退職が決まっていよいよ手続きとなったとき、突如言われた「誓約書に捺印して」。
「えっ? 何これ ?」
そこにはこんなことが書かれていました。
・在職中に知り得た機密情報を他に漏らしません。
・同業他社に就職しません。
・自ら同業で起業しません。
・これらに従わなかったときは損害賠償請求に応じます。
こんなのってあり ?
会社を辞めたらどこに勤めようと勝手でしょう !
と思いませんか ?
でも、裁判では誓約書に従って損害賠償を命じられる例があるのです。
結論を言います。
・誓約したら法的効力が生じることがある
です。
ここでは、誓約書を求められたら拒否できる理由、誓約書の効力、そして不利にならないためにはどうしたら良いかについてお伝えしたいと思います。
退職のとき誓約書を拒否できる理由
本来、憲法第22条では職業選択の自由を定めています。
ですから、退職後に競業他社に就職することは自由なのです。
これが誓約書を拒否できる理由。
ただし、誓約書に署名捺印したら、内容に「同意」したことになります。
そして誓約書の内容が妥当性のあるものなら効力を持つのです。
では、どんな内容なら効力が生じるのか ?
次の章でご説明します。
退職時の誓約書に効力が生じるケース
誓約書の内容が次の2つであれば、効力が生じるケースが多いです。
・機密の守秘義務
・競業避止義務
順に確認しましょう。
機密の守秘義務
これは当然のことです。
企業特有の技術や仕入れ先、顧客のデータは、他社に知られたくない機密です。
これらを退職したあとも他からもらさないことは、社会通念から見ても妥当性があることは納得できると思います。

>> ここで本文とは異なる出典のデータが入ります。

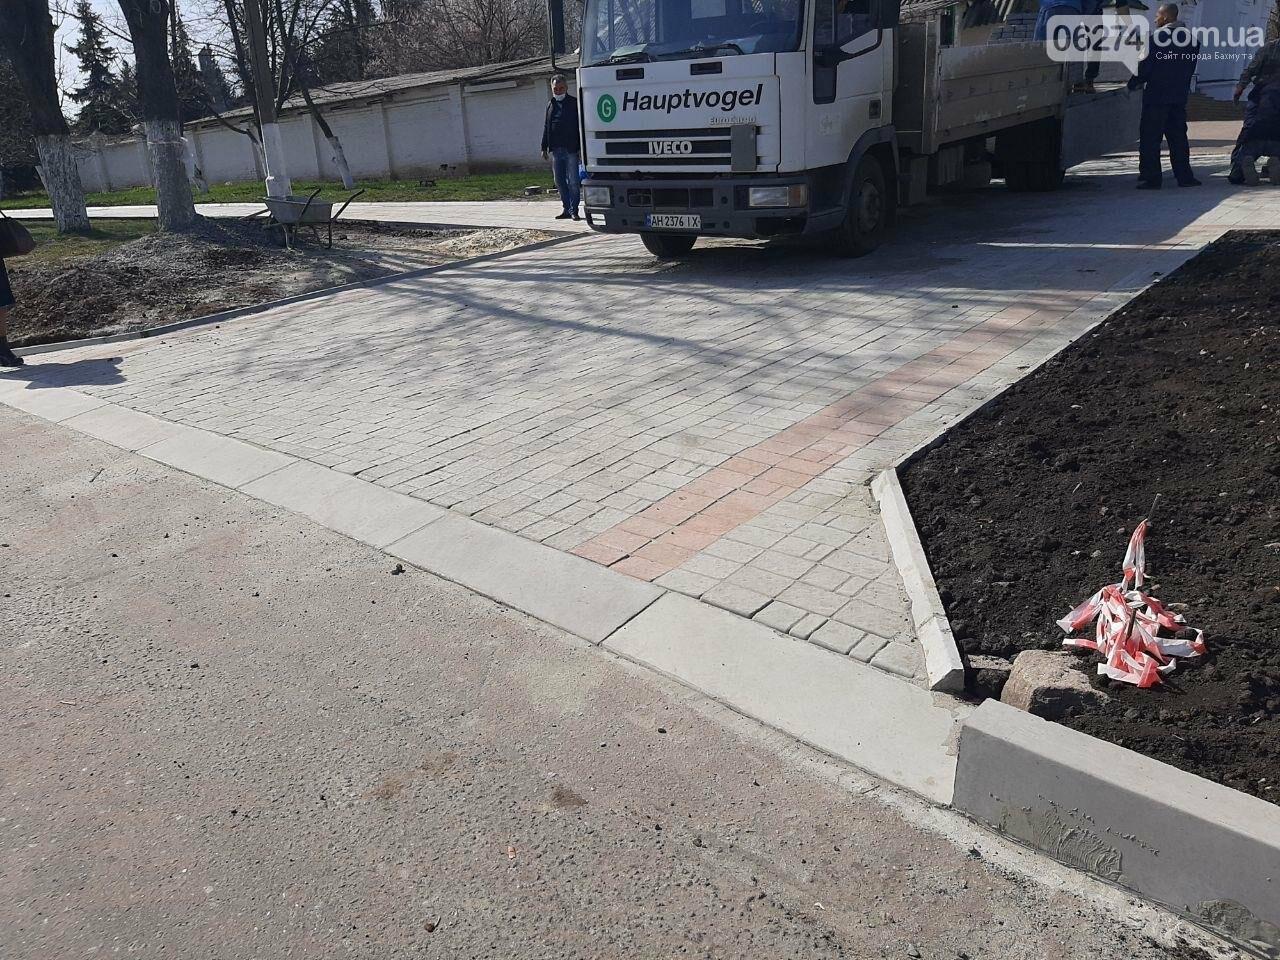 В Бахмуте продолжается ремонт тротуаров, фото-3

これらに加えて従業員の個人データも個人情報保護の観点から漏らしてはいけません。
競業避止義務
問題は競業避止義務です。
憲法22条で職業選択の自由が保障されているのに、同業他社に就職できないのはおかしいと思いますよね。
じつは競業避止義務は合理的な理由があれば認められるのです。
それは、次のようなケースです。
①競業を制限する必要性がある
②競業制限の期間が定められている
③競業制限の場所的範囲が定められている
ただし、ケースバイケースで一概には言えません。
まんいち裁判になった場合に「有効」と判断されやすいということです。
競業を制限する必要性がある
その会社独自のノウハウがあって、他社で使われては困る場合、「○○を製造する同業他社には就職しません」のように、特殊なノウハウを守るという必要性が認められる書き方をしていれば有効となる可能性が高いです。
競業制限の期間が定められている
「退職後1年間は同業他社には就職しません」というように、期間が定められている場合も有効となる可能性が高い。
ただし、期間が長い場合は本人に必要以上に不利益を与えるとして、無効となります。
一般的には退職後1~2年であれば有効となり、退職後3年間以上は無効とされることが多いようです。
競業制限の場所的範囲が定められている
県内など、特定の地域のみで営業している会社が「○○県内の同業他社には就職しません」という誓約書を書かせた場合は有効となります。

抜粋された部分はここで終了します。